Monday, 18 January 2010

Education and mobility

Gloves off and week three of the unofficial election campaign.

In the blue corner the Tories who today launched their what their leader described as "brazenly elitist" recruitment drive for teachers.

Claiming that the profession should take on only top graduates he told an assembled audience that

We want to give our children the best – it’s time we made our teaching the best. That’s why we’re committed to a comprehensive programme of reform to elevate the status of teaching in our country.


Ed Balls described the announcement as an "airbrushed re-announcement of existing policies"

According to the education secretary

“David Cameron’s warm words are worth little when he plans immediate cuts to school funding this year.
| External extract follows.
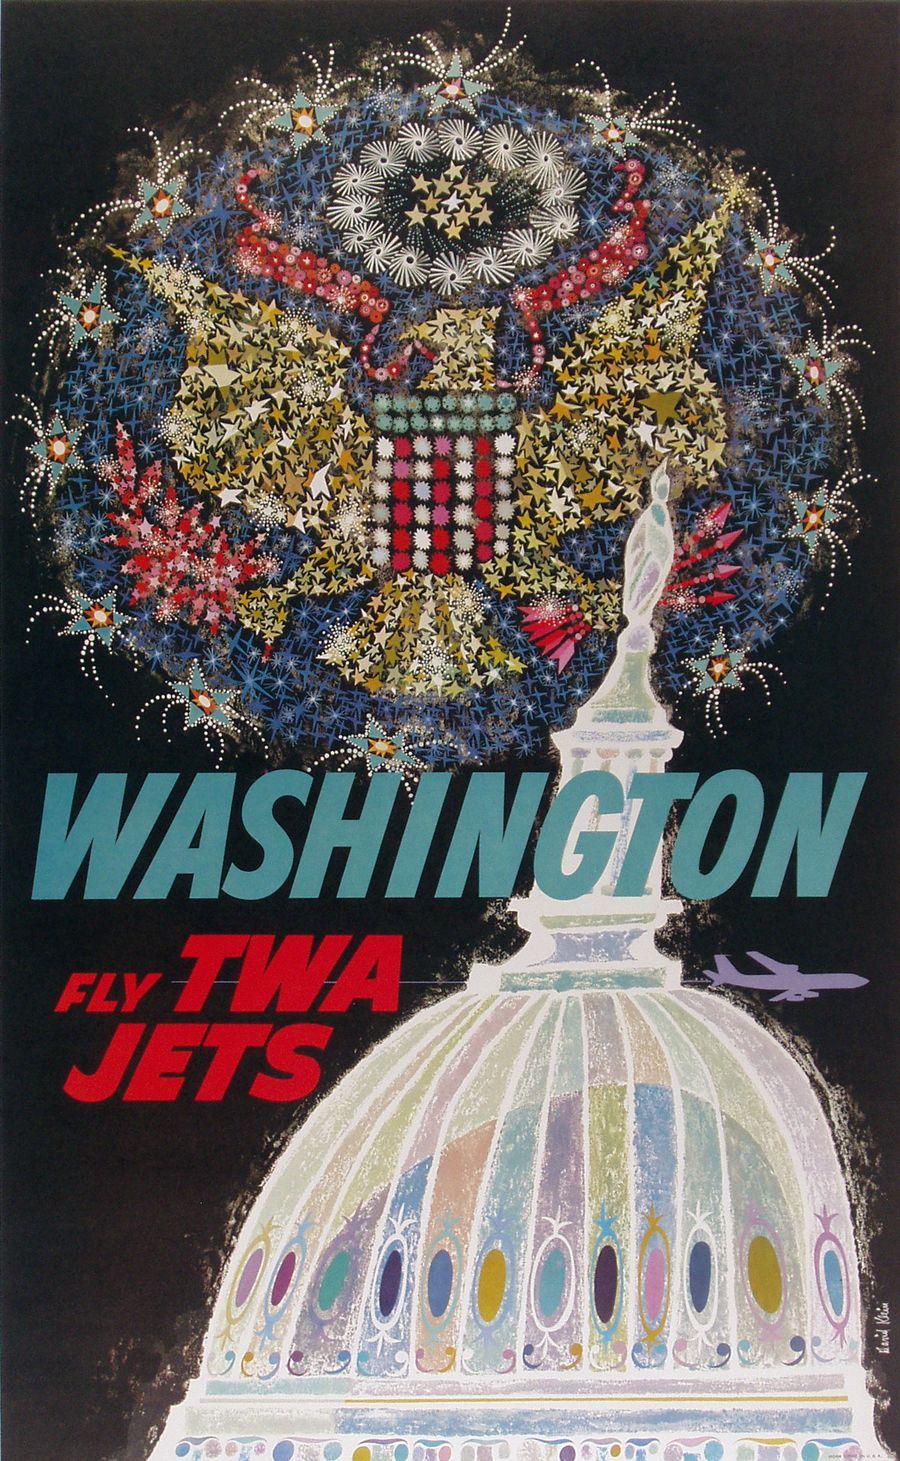 c.1965 #Washington, D.C. -- Fly TWA. Artist: David #Klein. #poster #ephemera #TWA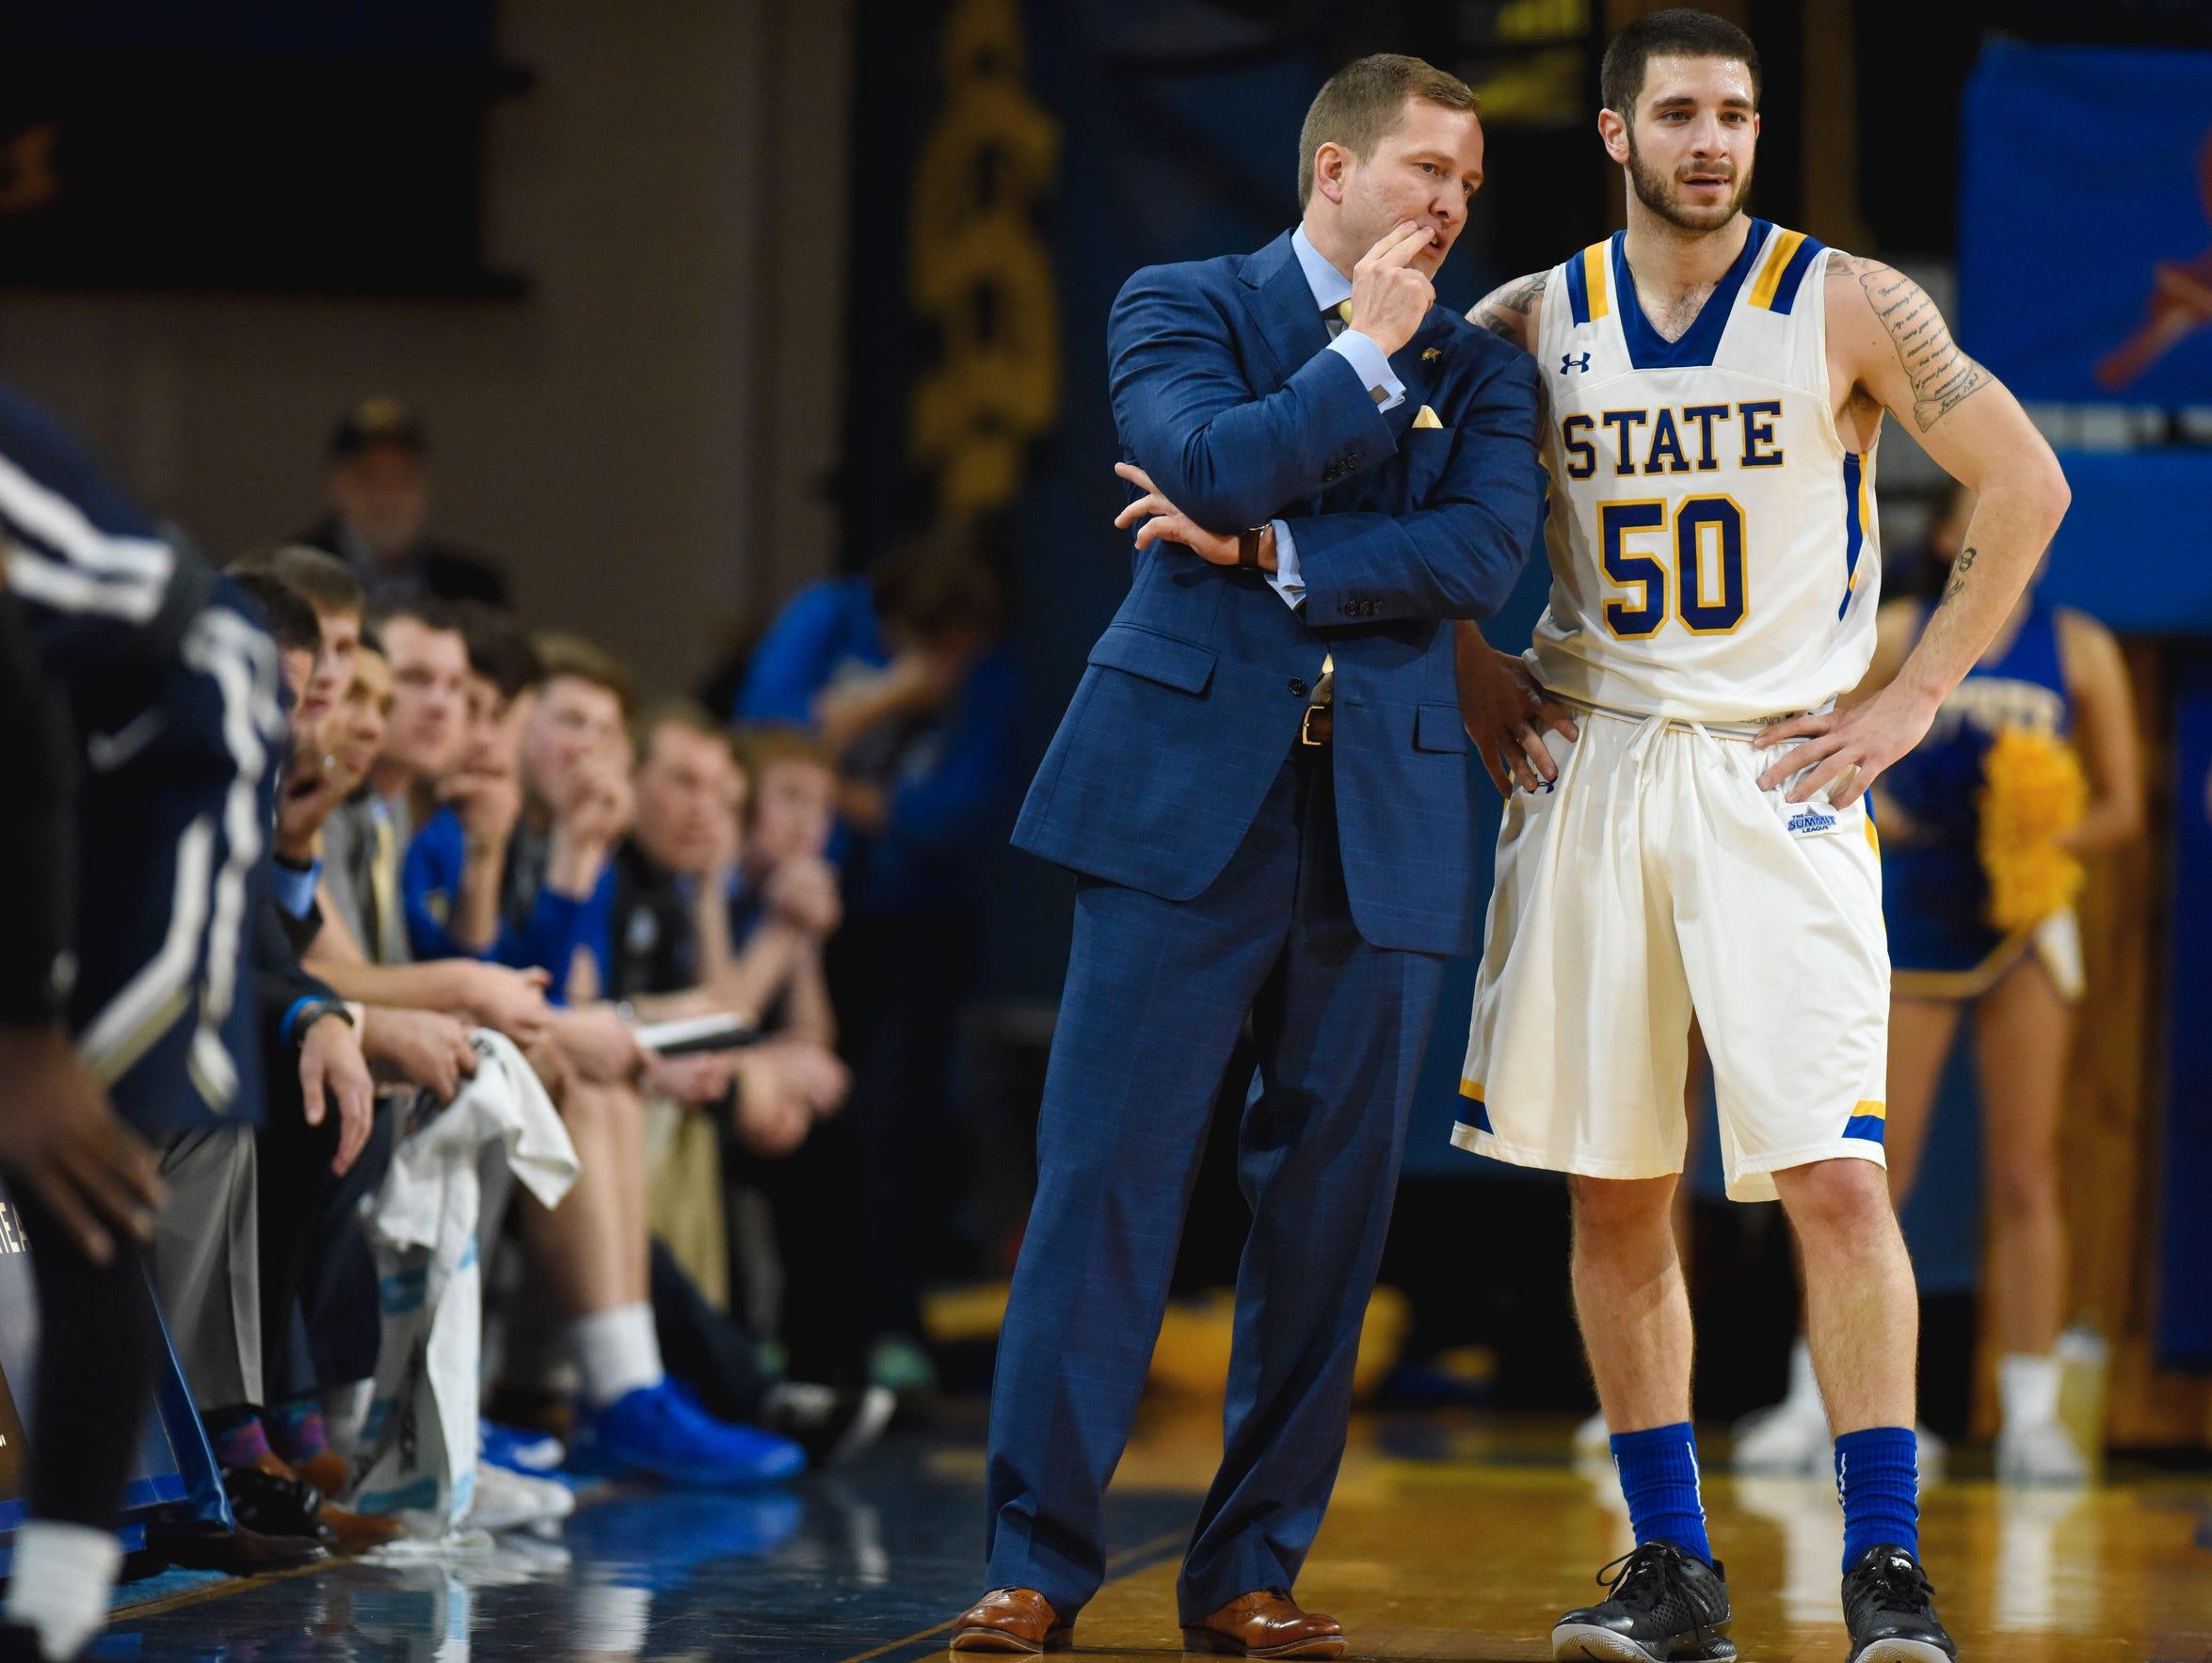 DSU head men's basketball coach T.J. Otzelberger talks

This would mean fewer teachers, fewer teaching assistants and bigger class sizes.


Official figures show that almost one in 10 trainee teachers studying for the postgraduate certificate in education has a third-class degree or lower qualification.

However as Chris Dillow points out

Research in Sweden has found that teachers with high measured cognitive skills are actually bad for lower-ability pupils. And researchers (pdf) in North Carolina have found that the effect of teachers’ qualifications upon pupil’s achievements are often statistically insignificant, or even negative, once they control for the fact that better-qualified teachers tend to teach better pupils anyway*.


The Conservatives' leader has also pledged that maths and science graduates from the 25 best universities who go into teaching will have their loans paid off.

Meanwhile the Labour party unveiled plans for increase social mobility by encouraging top professions and universities to attract people from deprived backgrounds.

The move is intended to show that the party is the one to help nurture social improvement.